[What the task asks]
Using the records below, write out only the lines from the line containing "HEAD CASE silikonový" up to and including the line containing "Cappuccino, Pastries", exactly, with no pictures.

[Provided material]
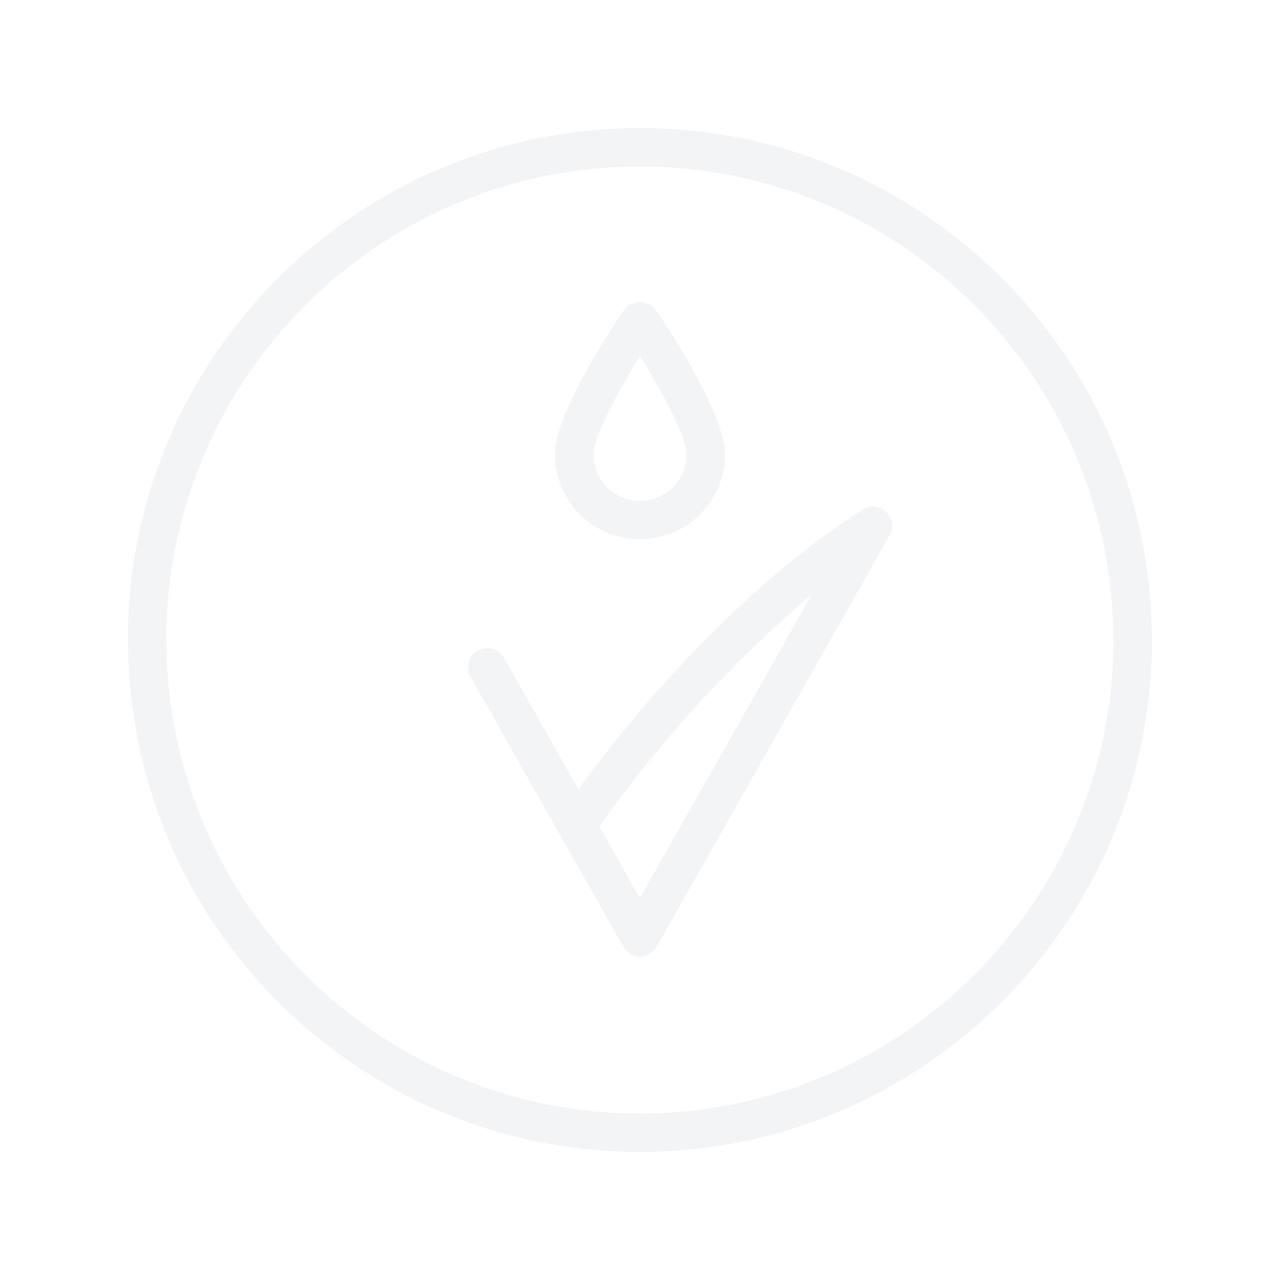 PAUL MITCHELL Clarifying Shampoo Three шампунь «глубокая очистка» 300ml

--

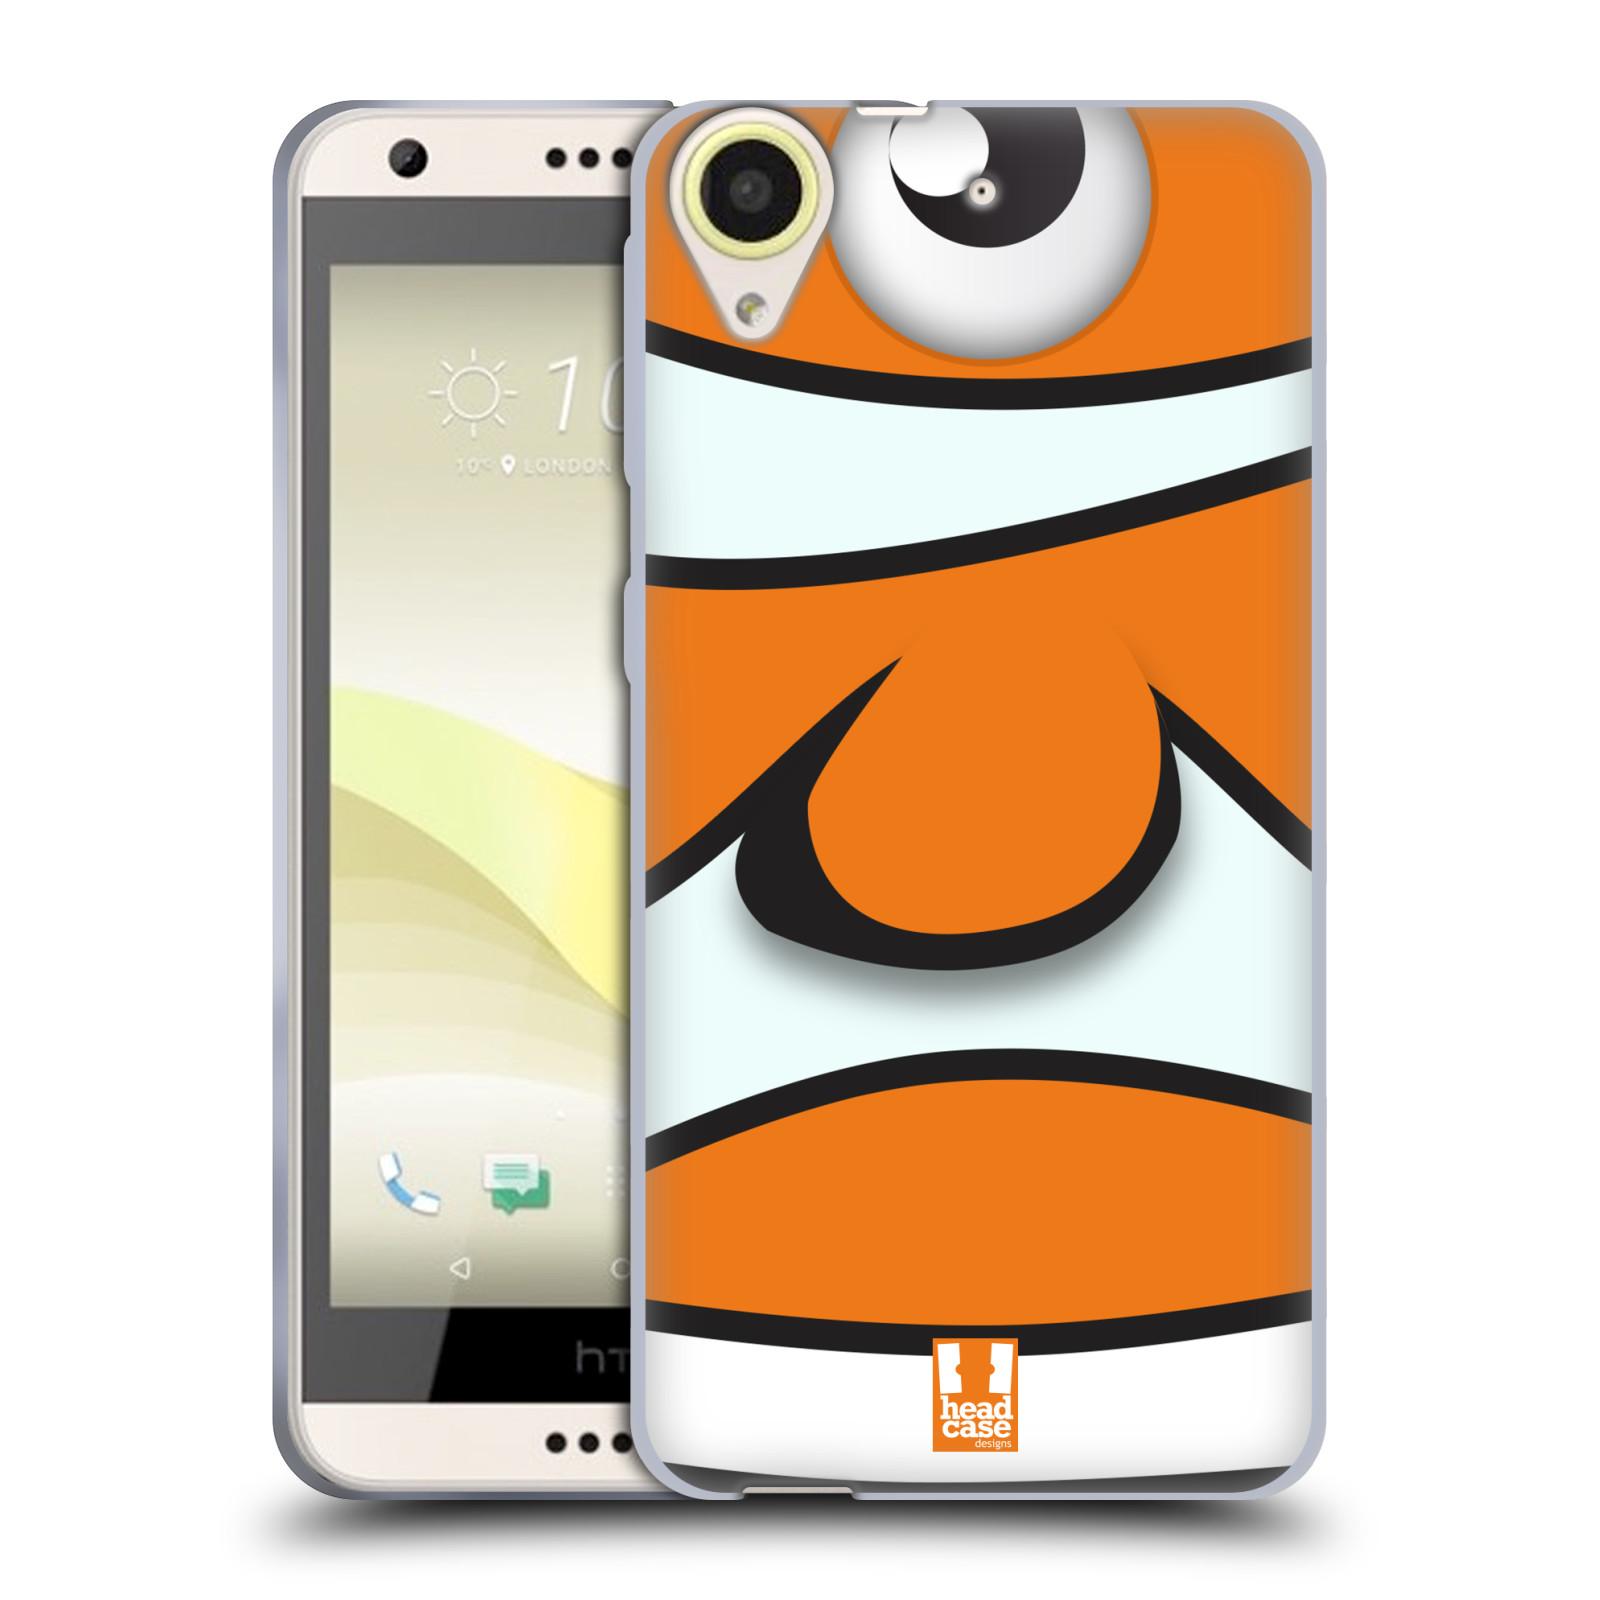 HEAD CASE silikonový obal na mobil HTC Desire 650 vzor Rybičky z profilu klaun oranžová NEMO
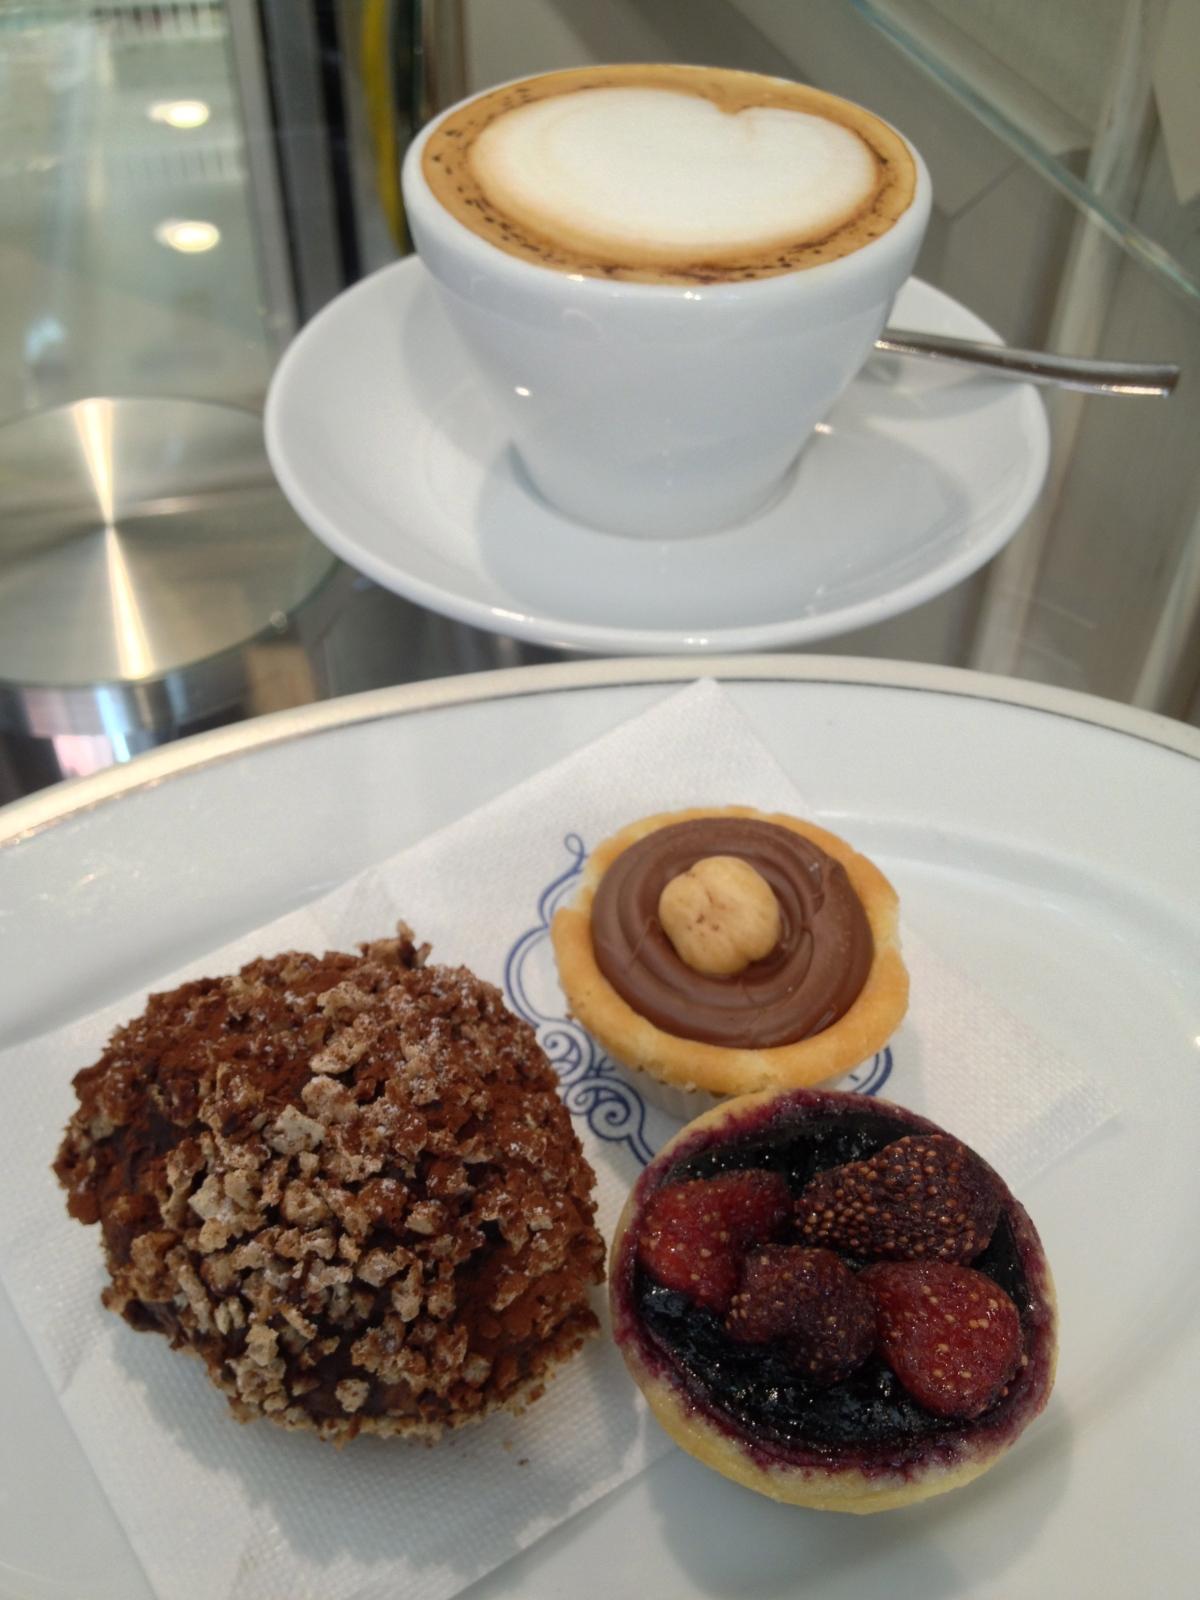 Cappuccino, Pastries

[Answer below]
 HEAD CASE silikonový obal na mobil HTC Desire 650 vzor Rybičky z profilu klaun oranžová NEMO
 Cappuccino, Pastries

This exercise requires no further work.